During the 1972 North Vietnamese Easter Offensive, it didn’t seem that far fetched an order for Captain John Ripley. He was in charge of a 600-man unit, composed mostly of South Vietnamese soldiers, at the bridge of Dong Ha. He was staring down 20,000 of the enemy, including some 200 tanks. To say it was a modern day Thermopylae is in no way a stretch. His commanders didn’t see another way to accomplish the mission.

Captain Ripley had another idea: run back and forth under heavy enemy fire with 500lbs of explosives so he could blow up the bridge. Not the greatest plan but, better than the alternative. Then he did something legendary, he executed the plan. As 20,000 of the enemy bore down on him, against all odds, Cpt. Ripley ran directly into withering enemy fire, calmly set up the charge, and blew up the damn bridge.

He accomplished the mission and he saved his Marines.

For his acts of bravery in the face of enemy fire he was awarded the Navy Cross.

He would retire a Colonel having graduated from the US Army’s Airborne and Ranger Schools, USMC Recon School, and the British Royal Marine’s Recon school, a testament that his actions on the bridge at Dong Ha weren’t some crazy fluke. He is the only United States Marine to be inducted into the Ranger Hall of Fame at Ft. Benning, Georgia. If you are in Afghanistan reading this, and you’re on FOB Ripley, you are reading about the base’s namesake.

Sadly, he has left us to spend eternity with the Great Ranger in the Sky. He was 69 years old.

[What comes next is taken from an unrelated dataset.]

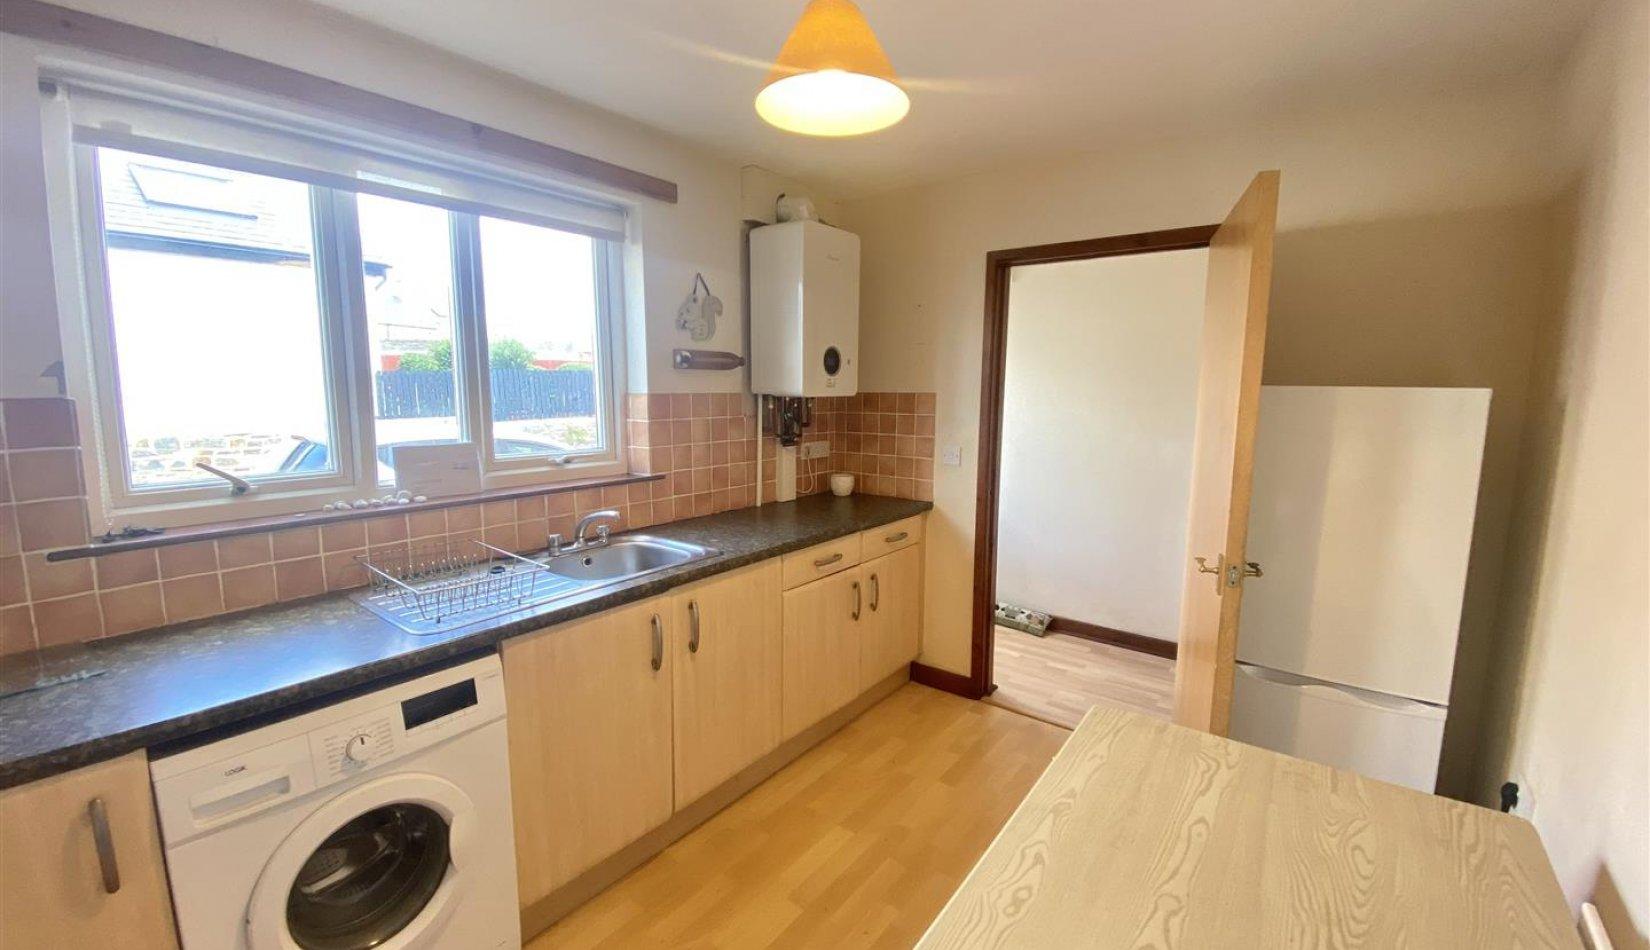 15 gg kitchen.jpg

This moment almost came in the summer of 2002. Col. Ripley needed a liver transplant because of a tropical disease that he’d caught long ago in Southern Asia. He’d been read his last rites twice, his family steeled themselves for the end, but the man clung to life. A liver was found in Philadelphia. The Commandant of the Marine Corps sent an entire section of CH-46 helicopters to secure the PC, then he coordinated special clearance for the birds to land in Washington DC, where the transplant surgery was to be preformed. Military valor is one thing, service to the nation above and beyond the call of duty another still, but when the Commandant of the Marine Corps whips up a flight of birds for you and garners special security clearance over DC at our current threat levels, you have passed beyond what mortal man can accomplish – you are the stuff of legend. Col. Ripley was such a man.

11 November 2008.

Veterans Day.

This is the day that our nation pays homage and respect to men like Col, John Ripley. It is a day that all of you whom have or are currently serving should hold your heads just a little higher and walk even more proudly through your day.

Freedom isn’t free, and today our nation remembers the price that was paid. Some gave all, everyone who has served gave something, and our nation gets to pay homage to those who have shown such extraordinary courage and sacrifice that only the most callous and out of touch can’t help but be grateful for the protection and freedom our Veterans have provided them.

To our fellow Vets, thank you for all you’ve done. To those currently serving, keep your heads down. To Colonel Ripley, Godspeed, sir. Godspeed.